IPv6 will make things worse
One brake on this run-away cheap-webcams-as-DoS-tool is the shortage of Internet addresses. When the Internet addressing scheme (Internet Protocol version 4, or IPv4 for short) was devised, it was defined as four numbers between 0 and 255, conventionally separated by dots e.g. 1.2.3.4. This gives you just under 4.3 billion possible addresses. Back in 2006 large chunks of this address space were free. This is no longer the case - we are, in essence, out of IPv4 addresses, and there's an active trade in them from companies which are no longer using much of their allocated space. Still, getting large blocks of contiguous addresses is challenging. Even a /24 (shorthand for 256 contiguous IPv4) is expensive to obtain. Father of the Internet Vint Cerf recently apologised for the (relatively) small number of IPv4 addresses - they thought 4.3 billion addresses would be enough for the "experiment" that IPv4 was. The experiment turned into the Internet. Oops.
This shortage means that the current model where webcams and other IoT devices have their own public Internet address is unsustainable: the cost of that address will become prohibitive, and customers will need something that sits behind their single home Internet address given to them by their ISP. You can have many devices behind one address via a mechanism called Network Address Translation NAT) where the router connecting your home to the Internet lets each of your devices start connections to the Internet and allocates them a "port" which is passed to the website they connect to: when the website server responds, it sends the web page back to your router along with the port number, so the router knows which of your home devices the web page should be sent to.

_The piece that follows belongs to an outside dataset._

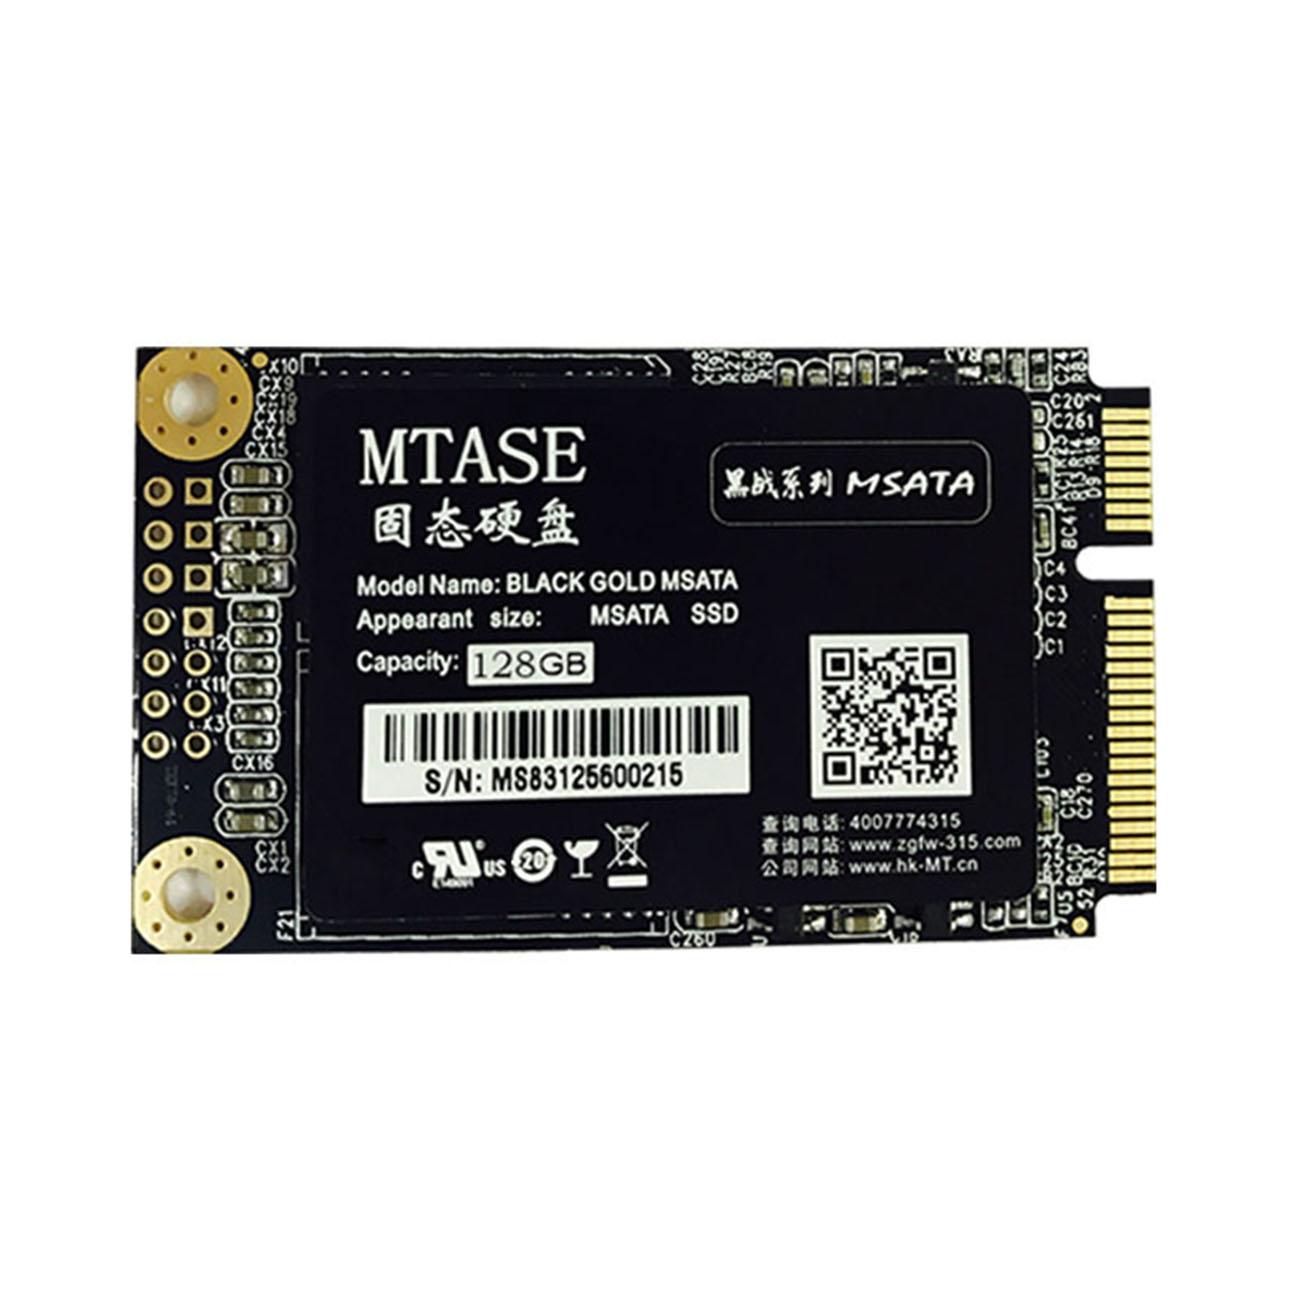 魅光黑战 MSATA硬盘128G

The centralized service described above is (currently) the only practical solution in this case of one IP for many devices. More and more devices on the Internet will be hidden from black-hat hacker access in this way.
Unfortunately (for this problem) we are currently transitioning to use the next generation of Internet addressing - IPv6. This uses 128 bits, which is a staggering number: 340 with an additional 36 zeroes after it. Typically your ISP would give you a "/64" for your home devices to use for their public Internet addresses - a mere 18,000,000,000,000,000,000 (18 quintillion) addresses. Since there are 18 quintillion /64s in the IPv6 address space, we're unlikely to run out of them for a while even if ever person on earth is given a fresh one every day and there's no re-use.
IPv6 use is not yet mainstream, but more and more first world ISPs are giving customers IPv6 access if they want it. Give it a couple of years and I suspect high-end IoT devices will be explicitly targeted at home IPv6 setups.
Summary: we're screwed
IPv4 pressures may temporarily push IoT manufacturers to move away from publicly addressable IoT devices, but as IPv6 becomes more widely used the commercial pressures may once more become too strong to resist and the IoT devices will be publicly discoverable and crackable once more. Absent a serious improvement in secure, reliable and easy dynamic updates to these devices, the IoT botnet is here to stay for a while.